Pleiotropic effects of thyroid function parameters on clinical endpoints

Phenome-wide association (PheWAS) analyses were performed in order to identify pleiotropic effects of the different thyroid traits PGSs with 1460 diseases from the UK Biobank (n = 379,640) assessed via Hospital Episode Statistics (HES)103. HES is a database containing details of all admissions at NHS hospitals in England. An unweighted PGS of each thyroid function trait was used as exposure. Additional details regarding the methodology can be found elsewhere104. Associations were reported when passing Bonferroni correction for the number of outcomes tested (p-value < 0.05/1460, thus p-value < 3.4 × 10−5). For similar reasons mentioned above, TT3 and TT3/FT4 ratio were left out of this analysis.

Polygenic score analysis on thyroid cancer

The risk association of thyroid cancer attributed to the genome-wide significant variants associated with thyroid function was estimated. For this, a weighted PGS with the effects of each variant aligned to the thyroid trait-increasing allele was created in each individual of the Icelandic deCODE cohort that was not part of our GWAS meta-analysis. The PGS was normalized to a range of 0 to 100 and associated with non-medullary (papillary or follicular) thyroid cancer in up to 792 cases and 148,843 controls either continuously or after binning into quartiles using logistic regression adjusted for sex and age. The probability of disease was calculated using the formula 1/(1 + exp(-(β0 + β1*x))), where β0 and β1 correspond to the intercept and PGS-related effect in the unadjusted regression model, respectively. TT3 and TT3/FT4 were excluded from the analyses.

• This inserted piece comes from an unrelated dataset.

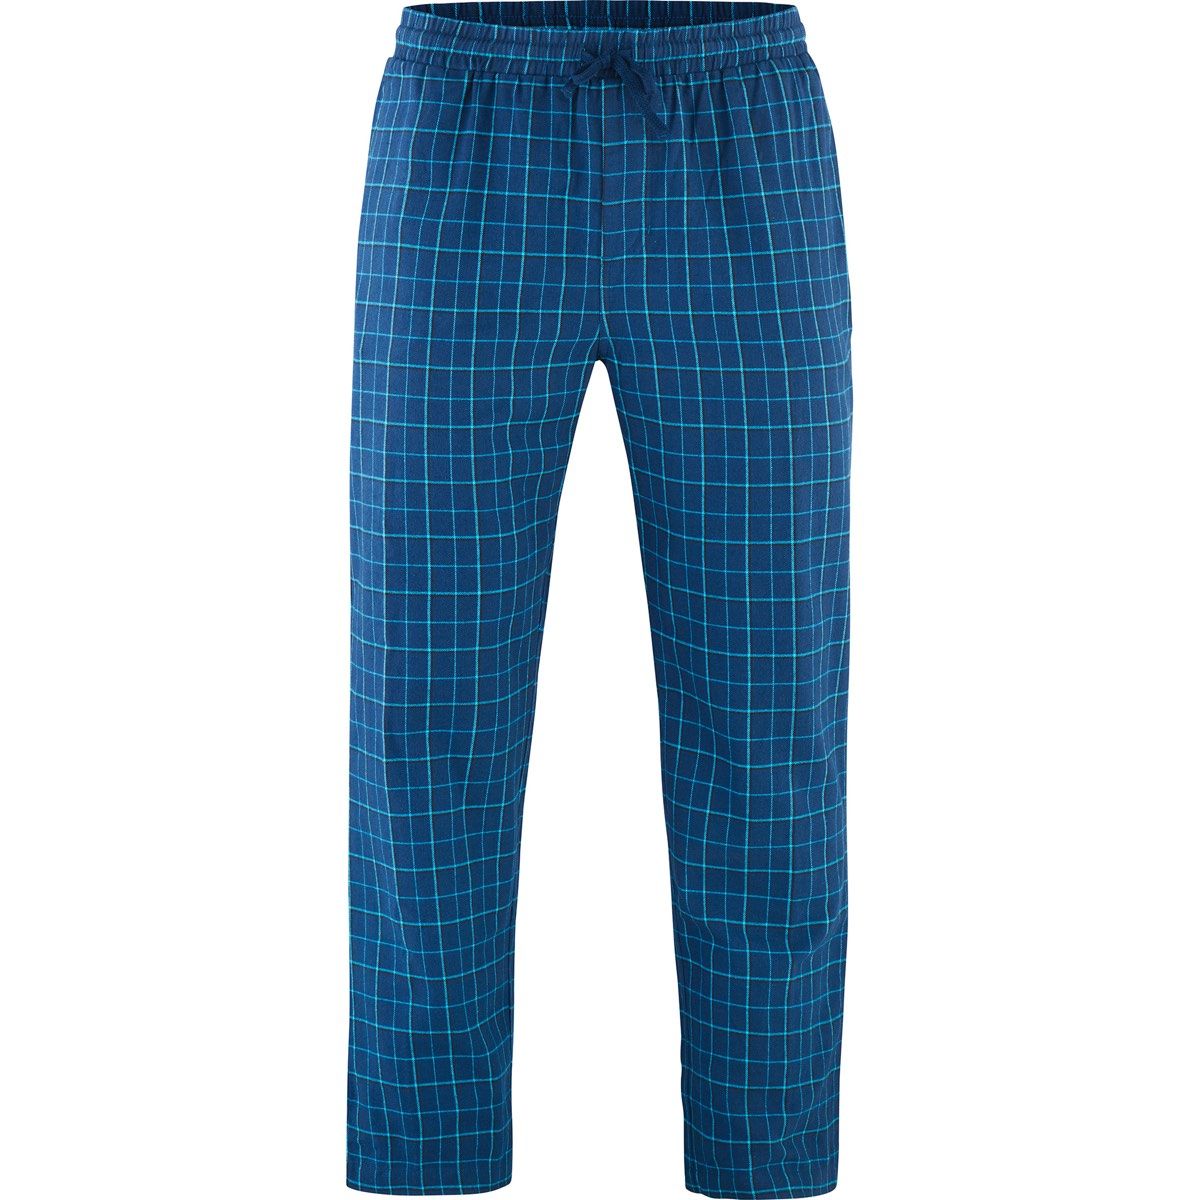 Bula Checked Pyjamas Pants Scuba

Mendelian randomization on thyroid cancer

The causal effects of the thyroid function parameters on thyroid cancer were assessed by performing two-sample MR analyses. Summary data for the outcome were derived from a meta-analysis of non-medullary thyroid cancer from five cohorts (n = 3100 cases, 287,550 controls) from European descent, including Iceland, Columbus (USA), Houston (USA), Nijmegen (The Netherlands), and Zaragoza (Spain)105. Of the total 423 distinct variants from the examined traits, 66 variants were excluded from the MR analysis due to the unavailability of the specific variant in the thyroid cancer GWAS or after variant harmonization (Supplementary Data 17). TT3 (n = 2 variants) and TT3/FT4 ratio (n = 4 variants) were not included the analyses due to limited available variants. We employed the IVW MR as main analysis, and MR-Egger, weighted median and MR-PRESSO as sensitivity analyses. Calculations were performed using the R package TwoSampleMR with default options for data preprocessing and variant harmonization, but without additional LD-filtering106. Significance was set to 0.05/6 = 0.008 correcting for the number of exposures tested.

Reporting summary

Further information on research design is available in the Nature Portfolio Reporting Summary linked to this article.